◆ Task instructions ◆
Below is some data. Retype exactly the lines starting at the one with "01-Initial rough sketch" and ending at the one with "Black Beading Cowl".

◆ Entries shown ◆
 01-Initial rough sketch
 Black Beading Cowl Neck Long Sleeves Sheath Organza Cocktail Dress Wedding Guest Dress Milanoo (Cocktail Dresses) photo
...
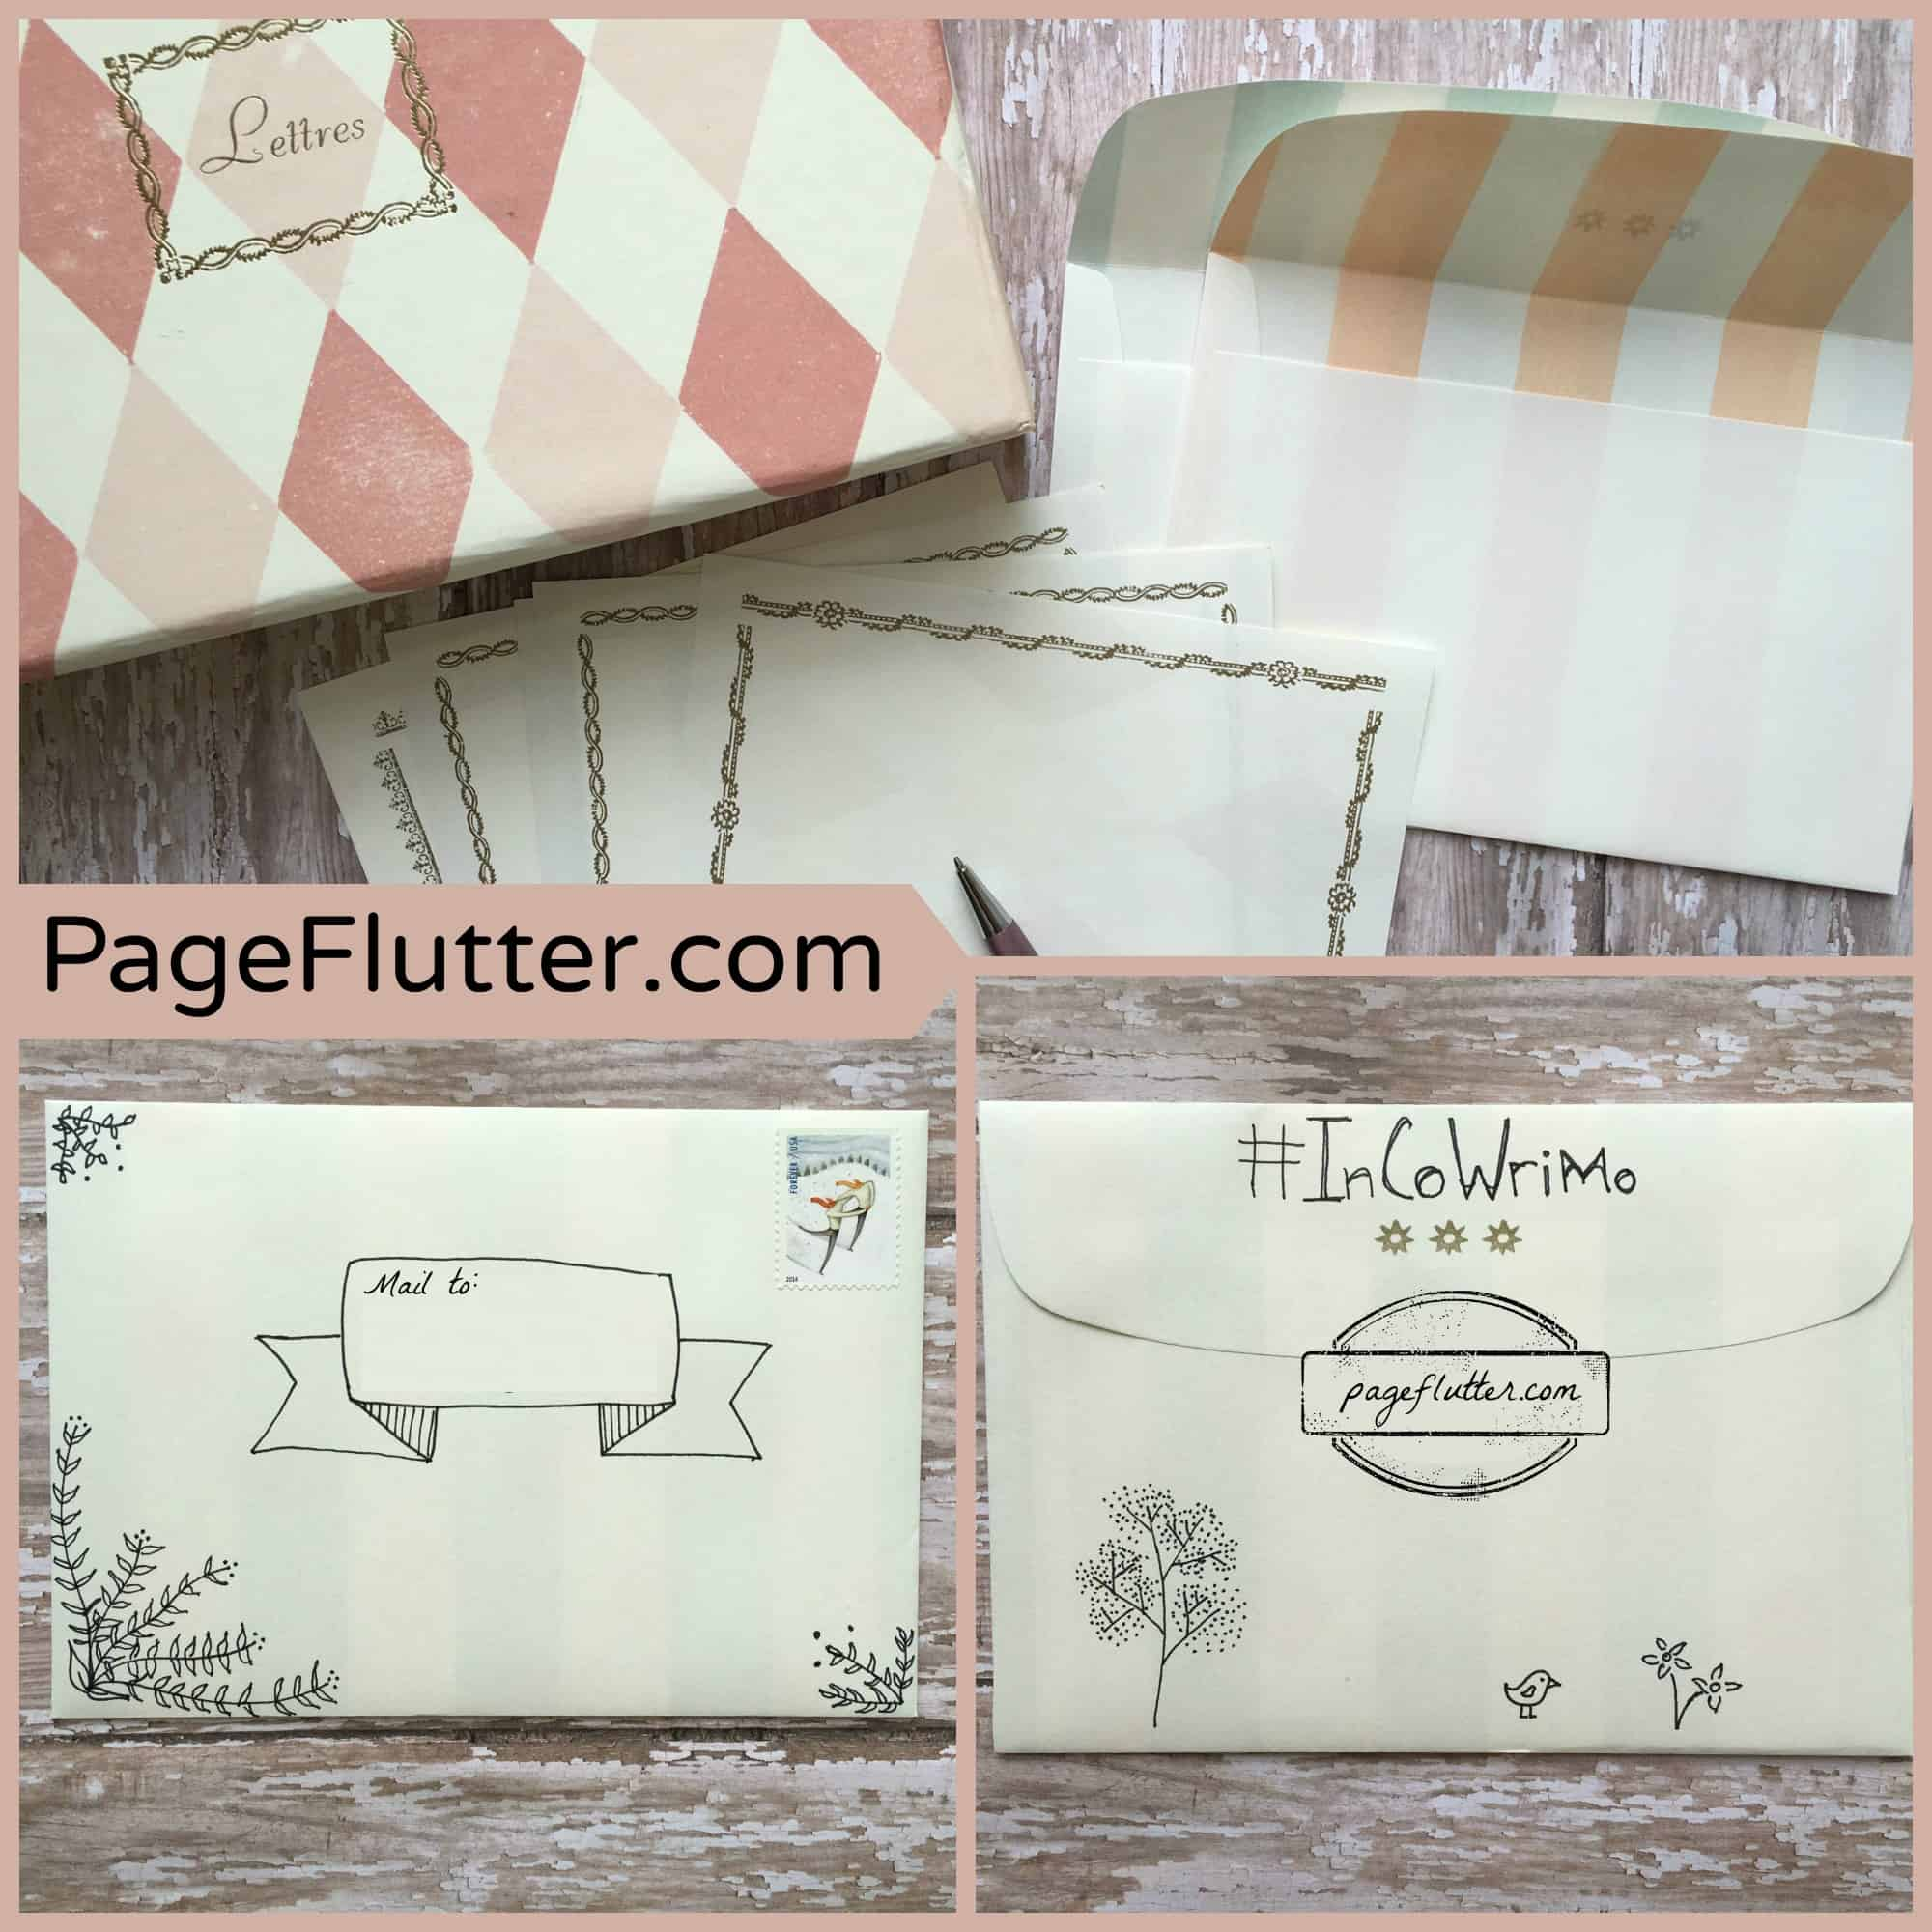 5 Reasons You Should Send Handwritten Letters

◆ Worked solution ◆
 01-Initial rough sketch
 Black Beading Cowl Neck Long Sleeves Sheath Organza Cocktail Dress Wedding Guest Dress Milanoo (Cocktail Dresses) photo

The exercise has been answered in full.